La scène se situe dans la ville côtière suédoise de Malmö, où près de 25% de la population est musulmane. Cette dernière année, la Suède a recueilli 20 000 réfugiés irakiens — le nombre le plus élevé de tous les pays industrialisés. Les Etats-Unis, en revanche, ont promis de recevoir 7 000 réfugiés en plus des 2 000 actuels sur son territoire. La Suède qui est réputée pour sa politique relativement libérale envers les réfugiés et les demandeurs d’asile, a demandé aux autres pays européens de faire un effort de leur côté. On ne sait pas, cependant, dans quelle mesure l’Union Européenne répondra ou si au contraire les réfugiés seront confrontés à des frontières encore plus hérmétiquement contrôlées.

Naturellement, le nombre d’Irakiens qui ont réussi à intégrer la Suède — et aussi le reste de l’Europe — est nullement comparable aux deux millions estimés d’Irakiens qui cherchent actuellement refuge dans les pays voisins de l’Irak, ces pays manquant dans l’ensemble de la capacité économique nécessaire pour prendre en charge ces réfugiés et n’ayant de plus aucune obligation légale de le faire. Deux de réfugiés en plus sont devenus réfugiés de l’intérieur après l’invasion Irak et l’occupation qui s’en est suivie.

Pour ces Irakiens qui parviennent à entrer en Suède, le sentiment dominant et immédiat est celui de la sécurité et du soulagement. « D’une certaine manière, je me trouve chanceux d’avoir enfin trouvé la sécurité, » dit Bassem, un économiste irakien de Bagdad qui a vécu à Malmö pendant cinq mois. « La situation à Bagdad était terrible, insoluble, quand je suis parti. J’ai su que je ne survivrais pas si j’y restais, en particulier parce que les catégories sociales instruites sont parmi les plus fortement visées par les occupants et les Irakiens qui les soutiennent. »

Cependant, comme cela c’est le cas pour les Palestiniens arrivant en occident aujourd’hui, ce sentiment euphorique est bientôt remplacé par un sentiment d’éparpillement et de tristesse. « Je le trouve incroyablement difficile de ne pas pouvoir travailler. Je suis un professionnel. Maintenant, je me suis entendu dire que jusqu’à ce que mes papiers ne sont pas totalement en règle, je ne peux pas travailler.
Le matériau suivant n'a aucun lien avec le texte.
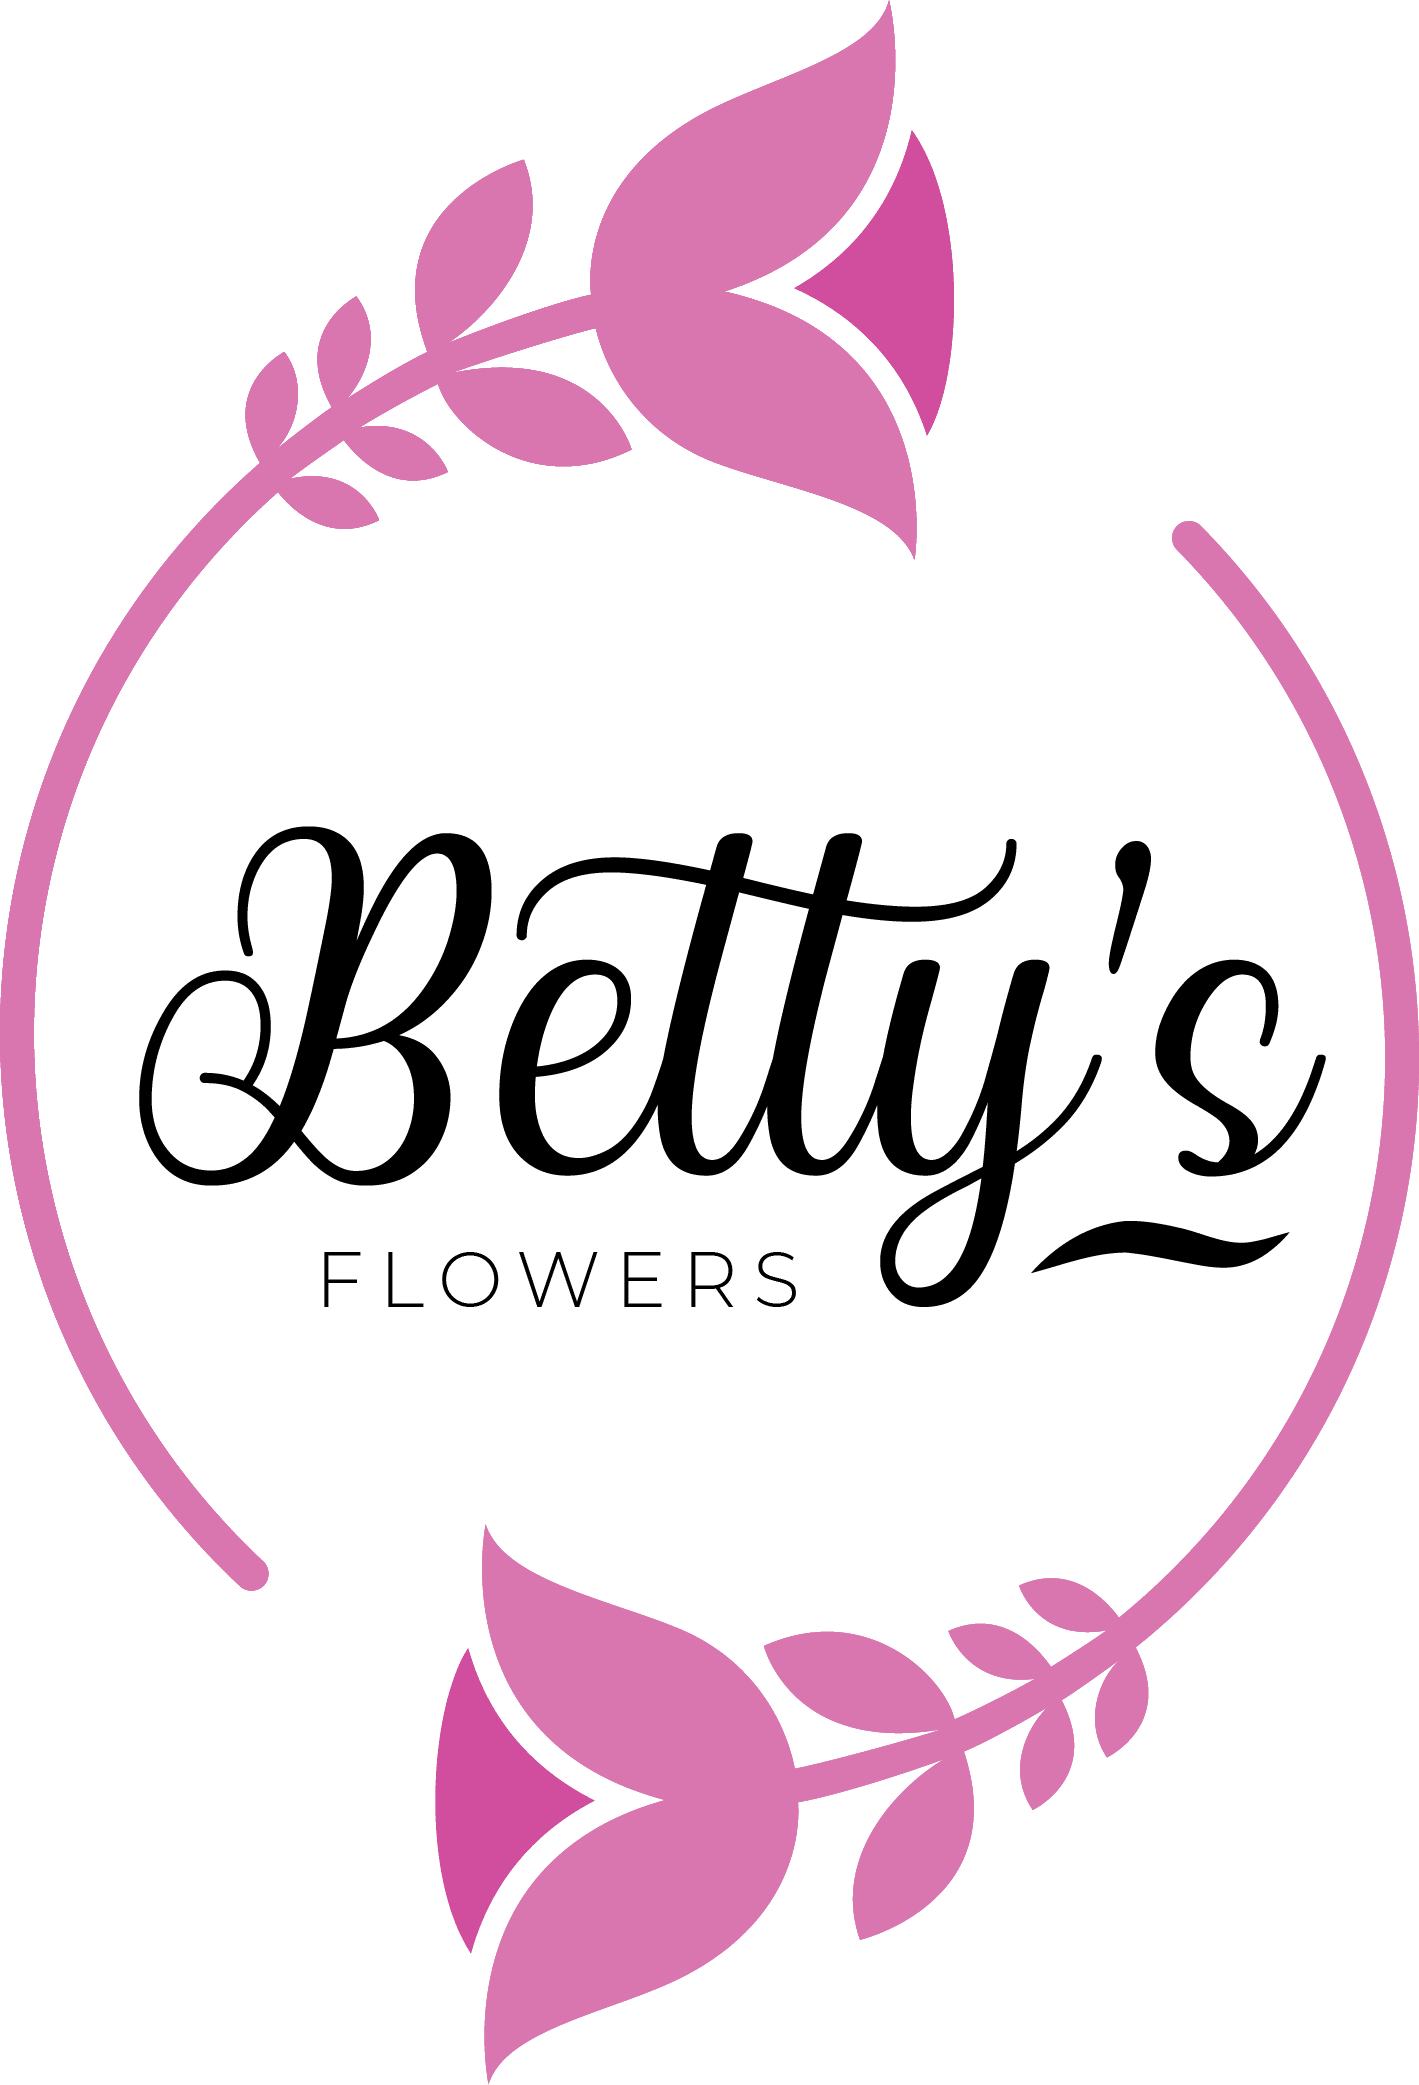 About Us | Betty's Flowers

Ma vie n’est pas terminée et je sais que je n’oublierai jamais, jusqu’à ce que l’occupation se termine et que je puisse retourner en Irak, ce qui est ma vraie maison, » nous a expliqué Bassem.

Fadi, un Palestinien du village de Jayyous au nord de la Cisjordanie, donne aussi son avis : « Je suis heureux d’être ici ; je suis heureux d’apprendre une nouvelle langue, et pour être débarassé du souci permanent d’être arrêté, emprisonné ou tué par les Israéliens ».
« D’un autre côté, il est douloureux pour moi de réaliser que ce que je pensais juste être un voyage extraordinaire pour trouver la sécurité et la dignité s’est avant tout transformé en exil. »
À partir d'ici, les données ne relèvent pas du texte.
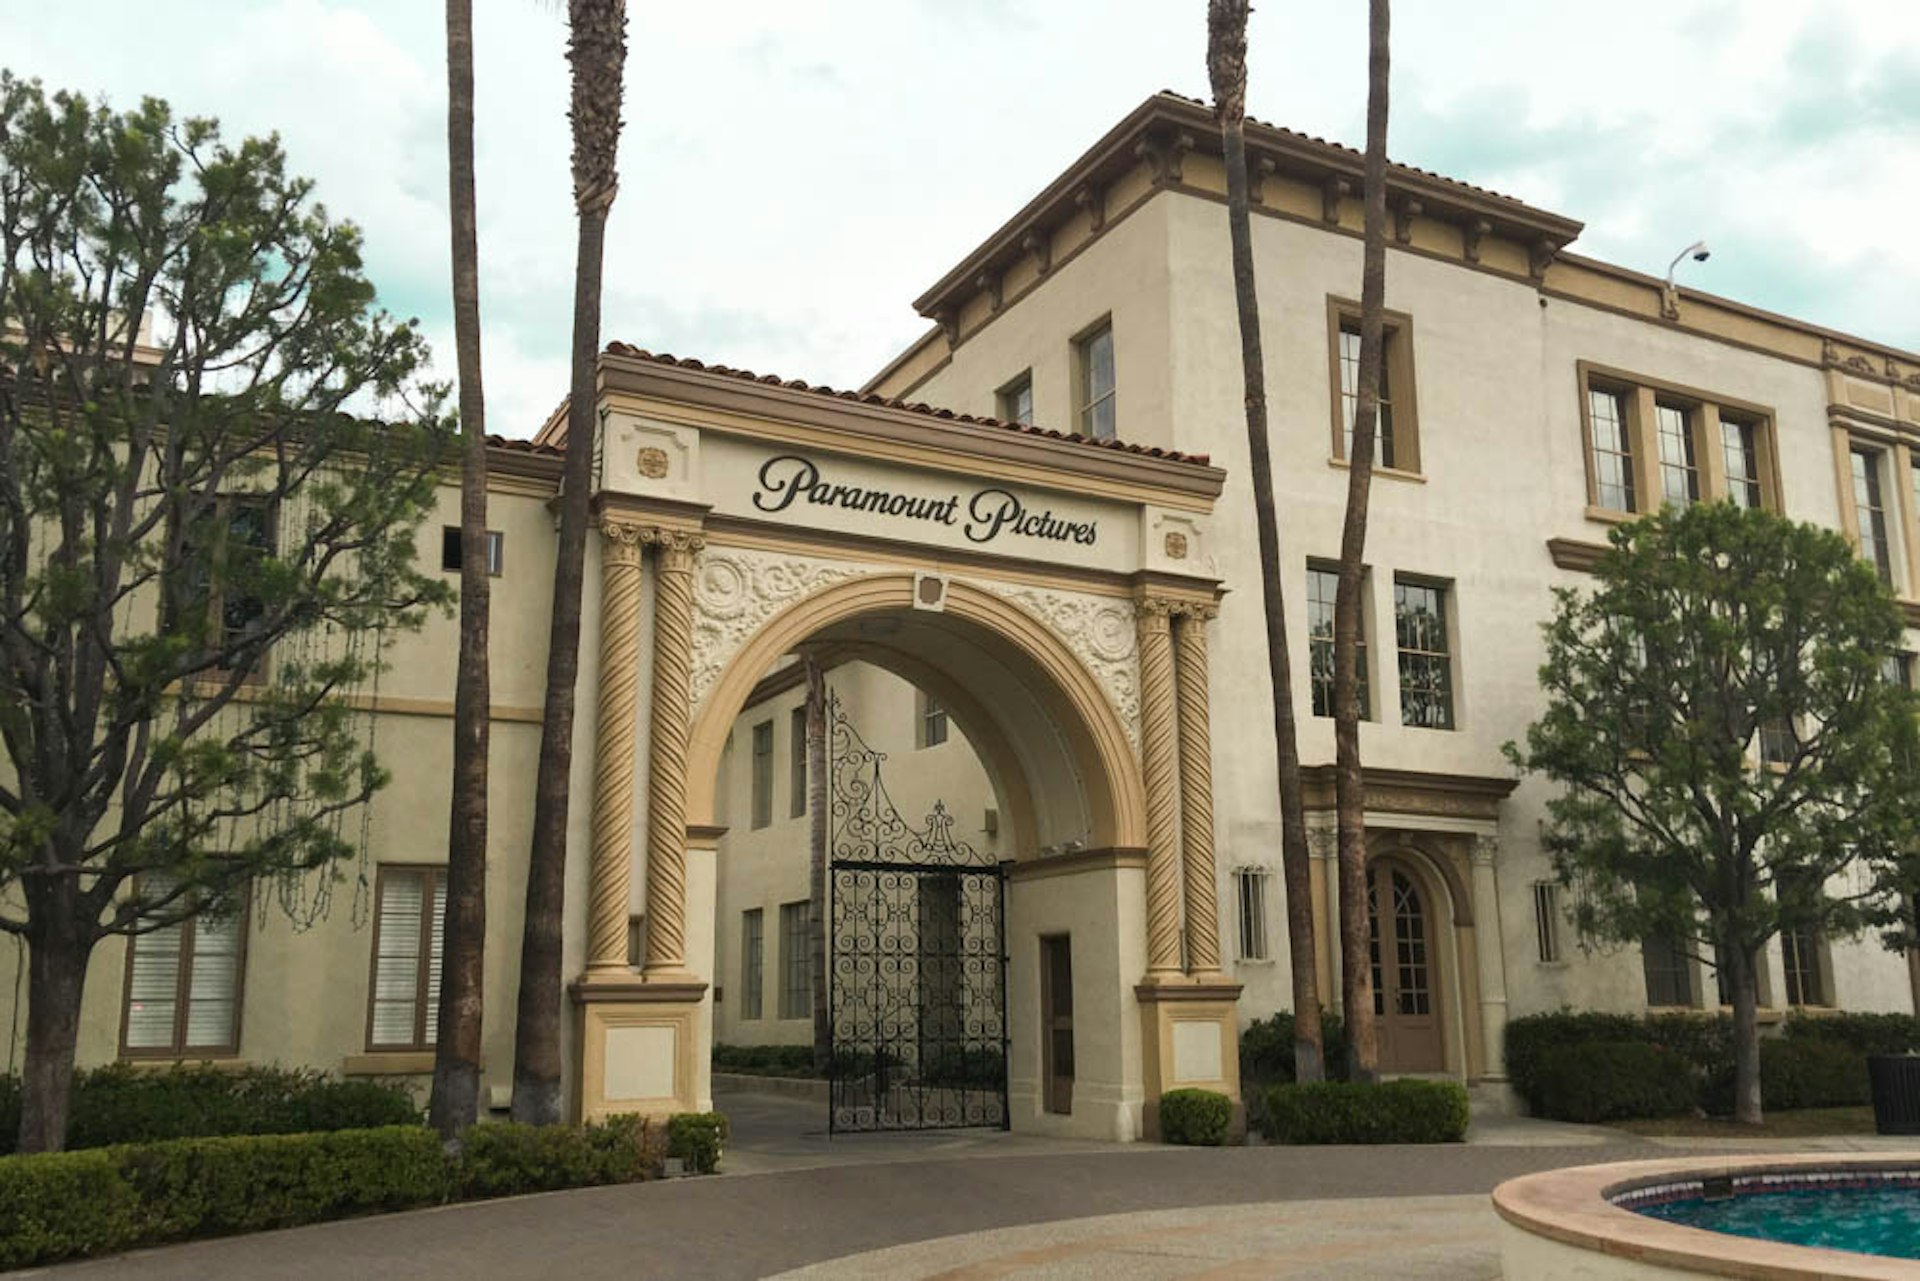 The famous arch of Paramount Pictures is part of a visit to their studios. © Tim Richards / Lonely Planet

Même pour les réfugiés qui ont longtemps recherché l’asile en Suède, le souvenir de la maison demeure fort — plus fort peut-être que pour les personnes qui sont des migrants économiques à la recherche de meilleures conditions de vie. « J’ai été ici pendant cinq ans, et je suis maintenant une citoyenne suédoise, » nous dit Damia Alamin, une Irakienne de Bagdad, qui habite et travaille à Malmö. « Mais la guerre est présente à mon esprit tous les jours. Mon frère a été enlevé il y a t trois mois, et on nous a demandé une rançon de 150 000 dollars US. Je ne sais pas qui l’a enlevé — certains disent qu’il s’agit de la police, l’autres parlent de criminels. Mais le fait est que je ne peux rien faire, et personne n’est disposé à m’aider. »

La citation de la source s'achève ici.